Polska zajmuje pierwsze miejsce w Europie pod względem przyrostu liczby dzieci z nadwagą i otyłością. Na problemy z utrzymaniem prawidłowej masy ciała w Polsce cierpi 63 proc. mężczyzn i 52 proc. kobiet. Konsekwencją tego jest coraz większy odsetek osób zmagających się z cukrzycą oraz chorobami sercowo-naczyniowymi, które są główną przyczyną zgonów w Polsce. Niewątpliwie jest to ogromny problem, który wymaga zaadresowania systemowego.

Opłata od cukru i nie tylko

Wzorem wielu innych krajów polski rząd zdecydował się wprowadzić od 1 stycznia 2021 r. tak zwaną opłatę cukrową od dosładzanych napojów. Podatki od napojów słodzonych wprowadziły już wcześniej m.in. Dania, Węgry, Portugalia, Francja i Wielka Brytania. Podatek ten składa się z dwóch opłat: części stałej wynoszącej 50 gr za każdy litr napoju zawierającego 5 g lub mniej cukru lub słodzika na 100 ml napoju oraz części zmiennej wynoszącej 5 gr za każdy gram cukrów powyżej 5 g w 100 ml napoju. Z opłaty stałej wyłączone są napoje zawierające minimum 20% soku, z kolei całkowicie z opłat wyłączona jest m.in. żywność specjalnego przeznaczenia medycznego.

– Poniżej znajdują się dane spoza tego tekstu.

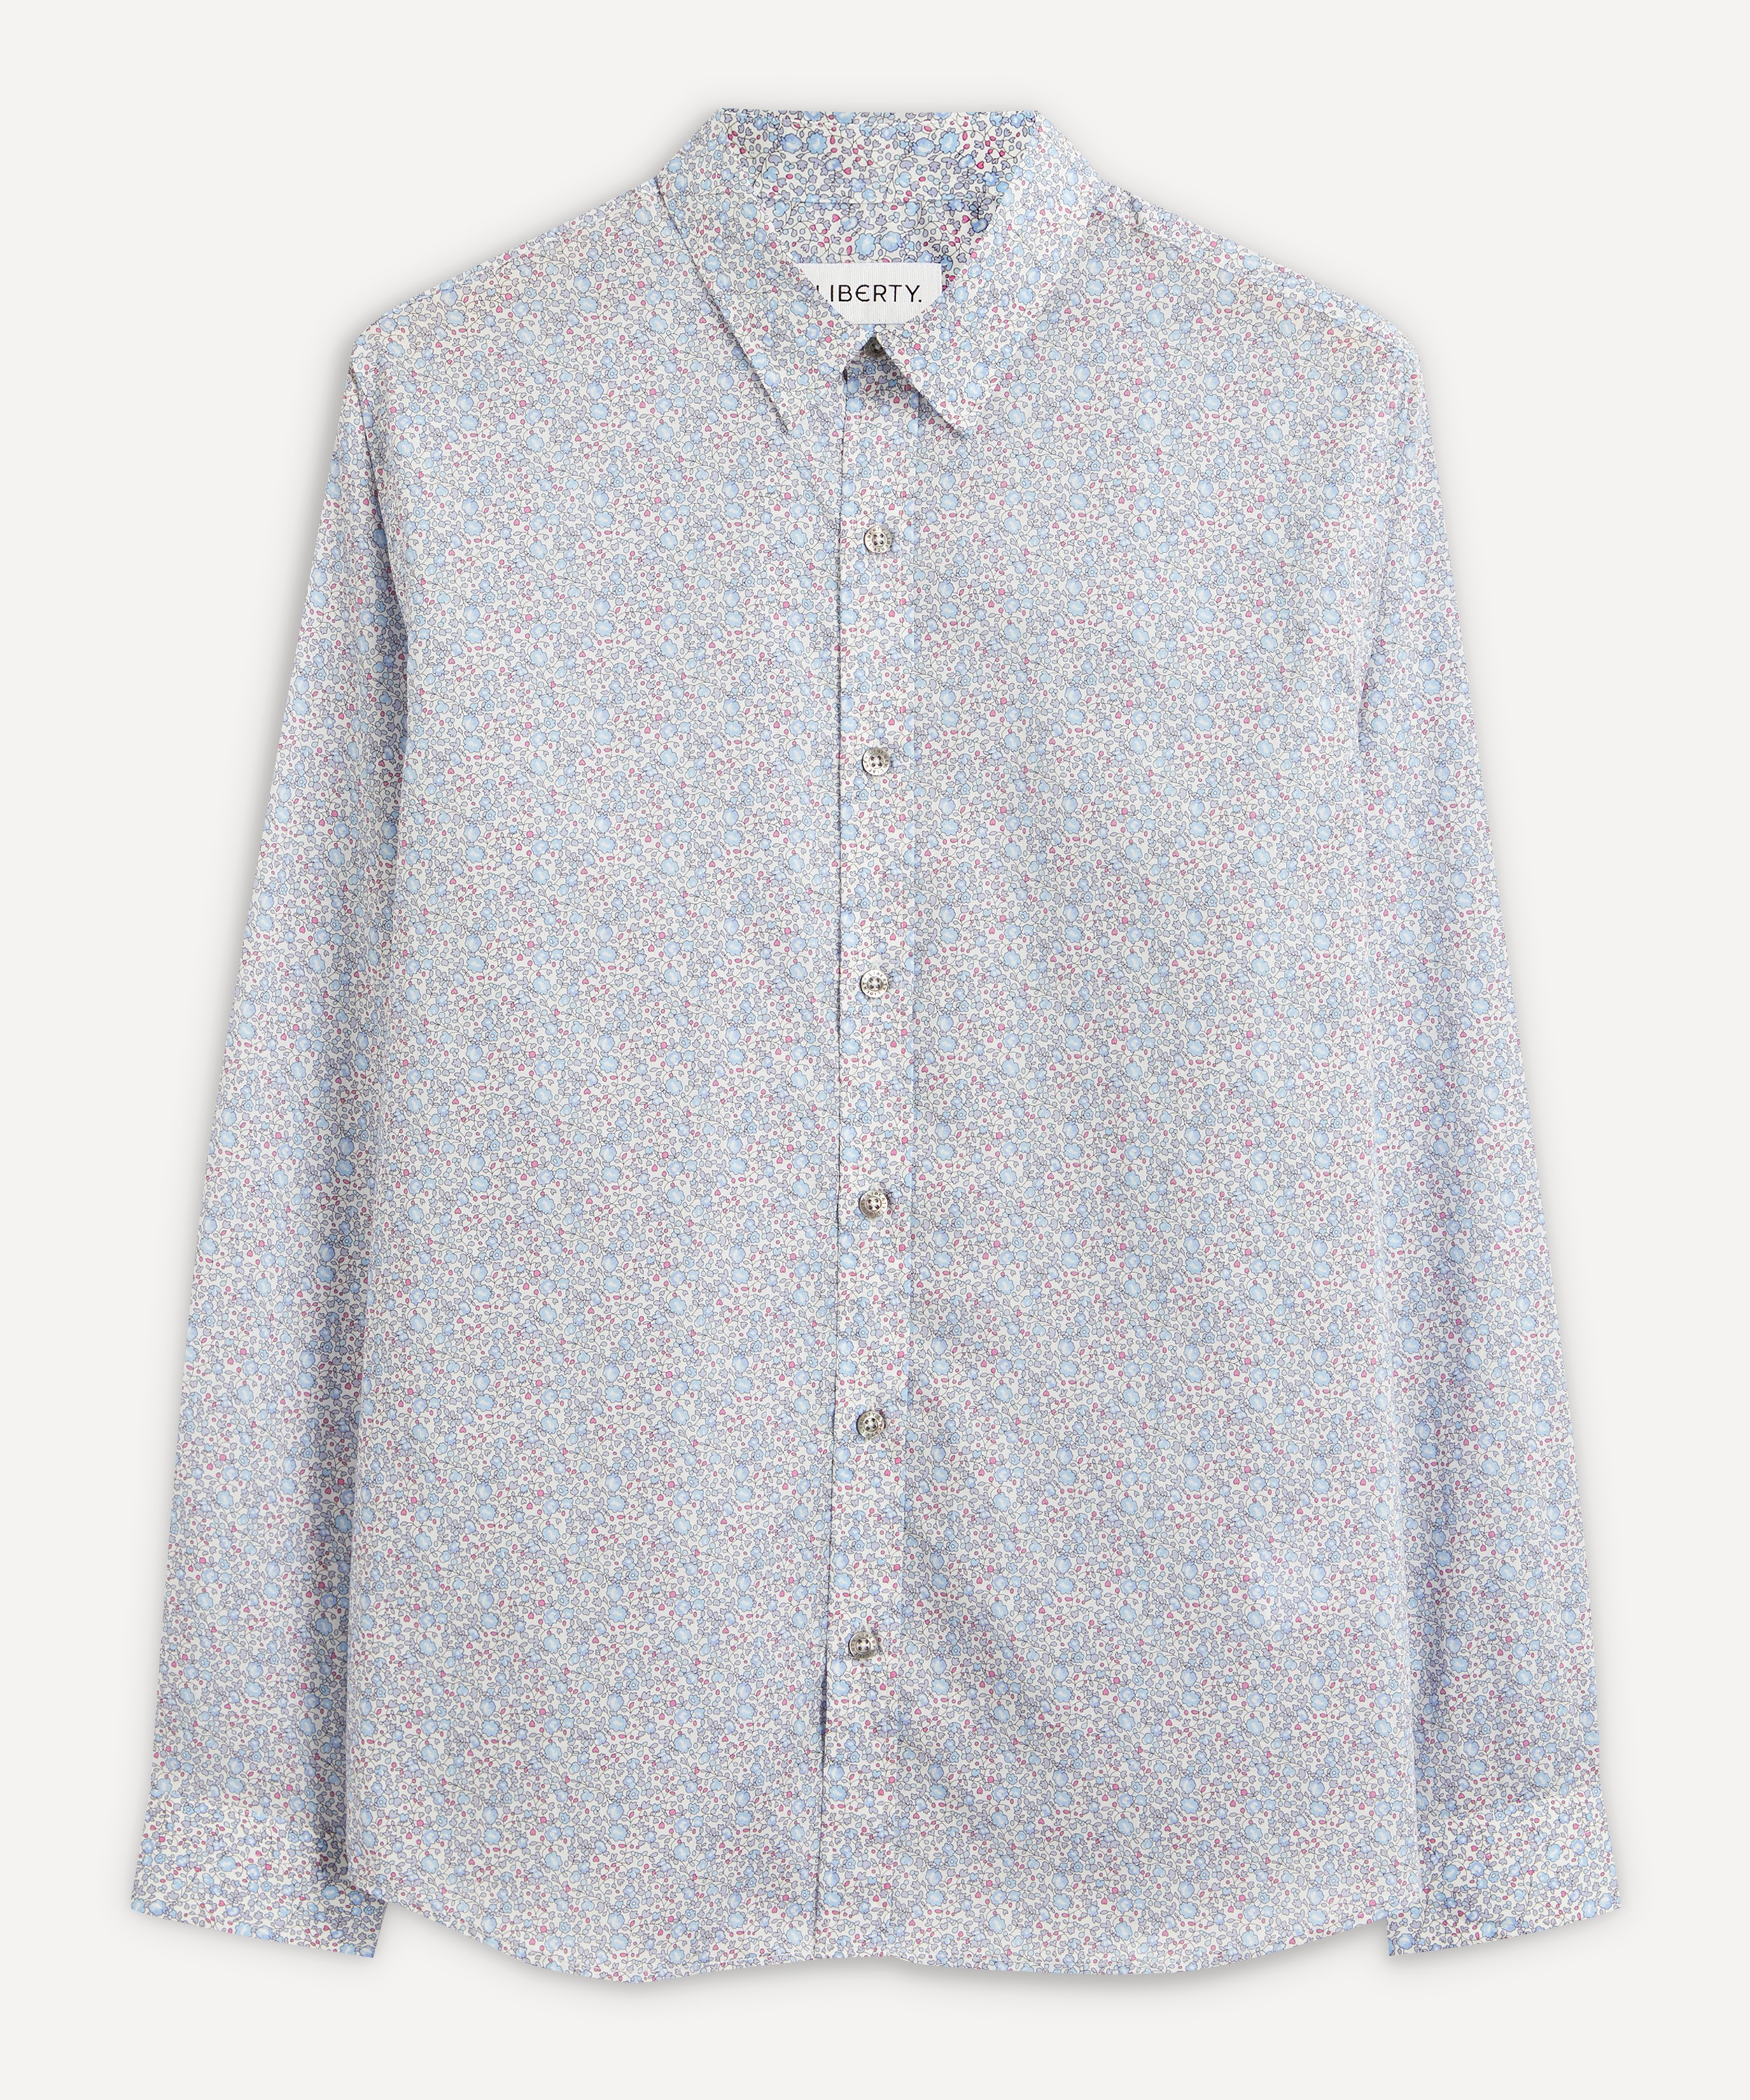 Liberty - Eloise Tana Lawn™ Cotton Casual Classic Shirt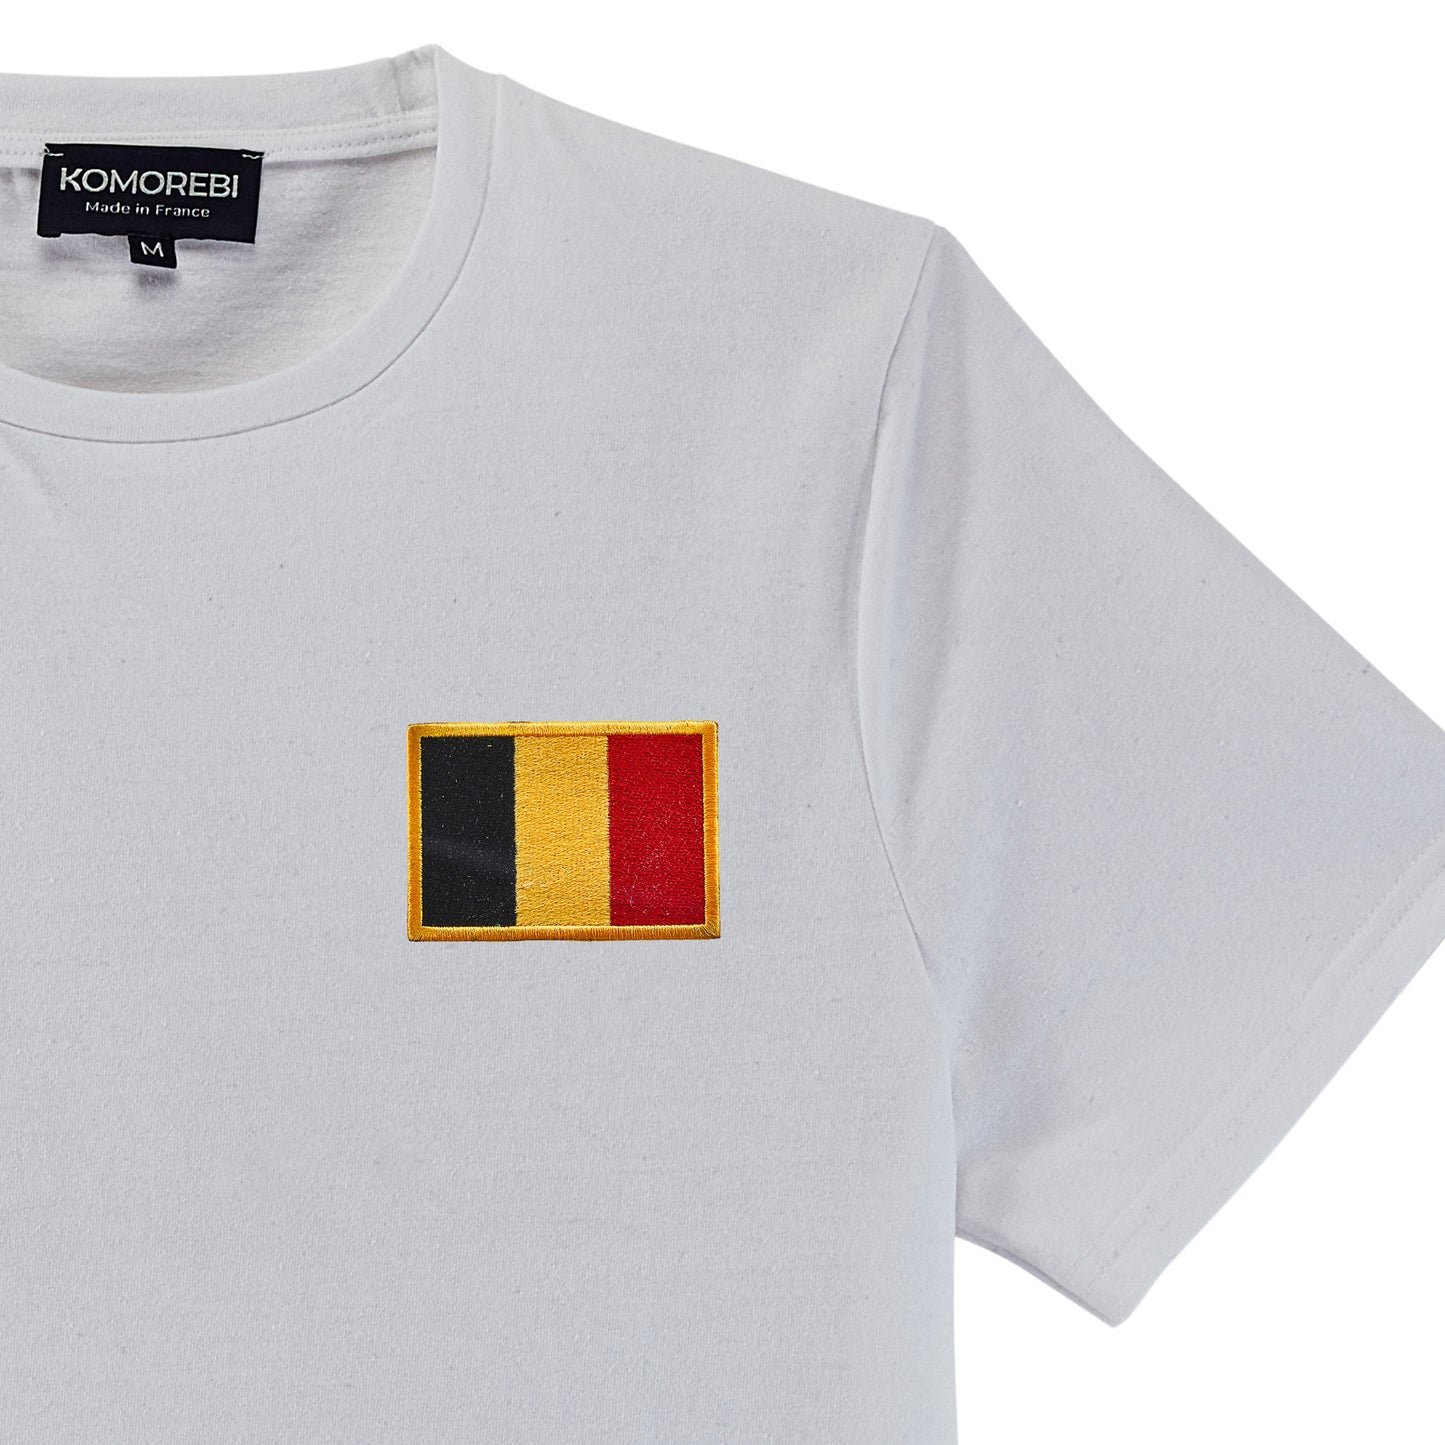 Belgique • T-shirt

Od początku drogi legislacyjnej projekt ten budził wiele kontrowersji. Oponenci tego rozwiązania nie widzą zasadności „karania” obywateli za ich wybory żywieniowe, zwracają uwagę na nikłą skuteczność tego rodzaju podatku oraz zarzucają rządowi próbę ratowania budżetu państwa pod przykrywką wyższych wartości. Z drugiej strony, zwolennicy tego rozwiązania zwracają uwagę na interes publiczny, który uzasadnia ograniczenie ,,pokus” skłaniających jednostkę do szkodzenia swojemu zdrowiu.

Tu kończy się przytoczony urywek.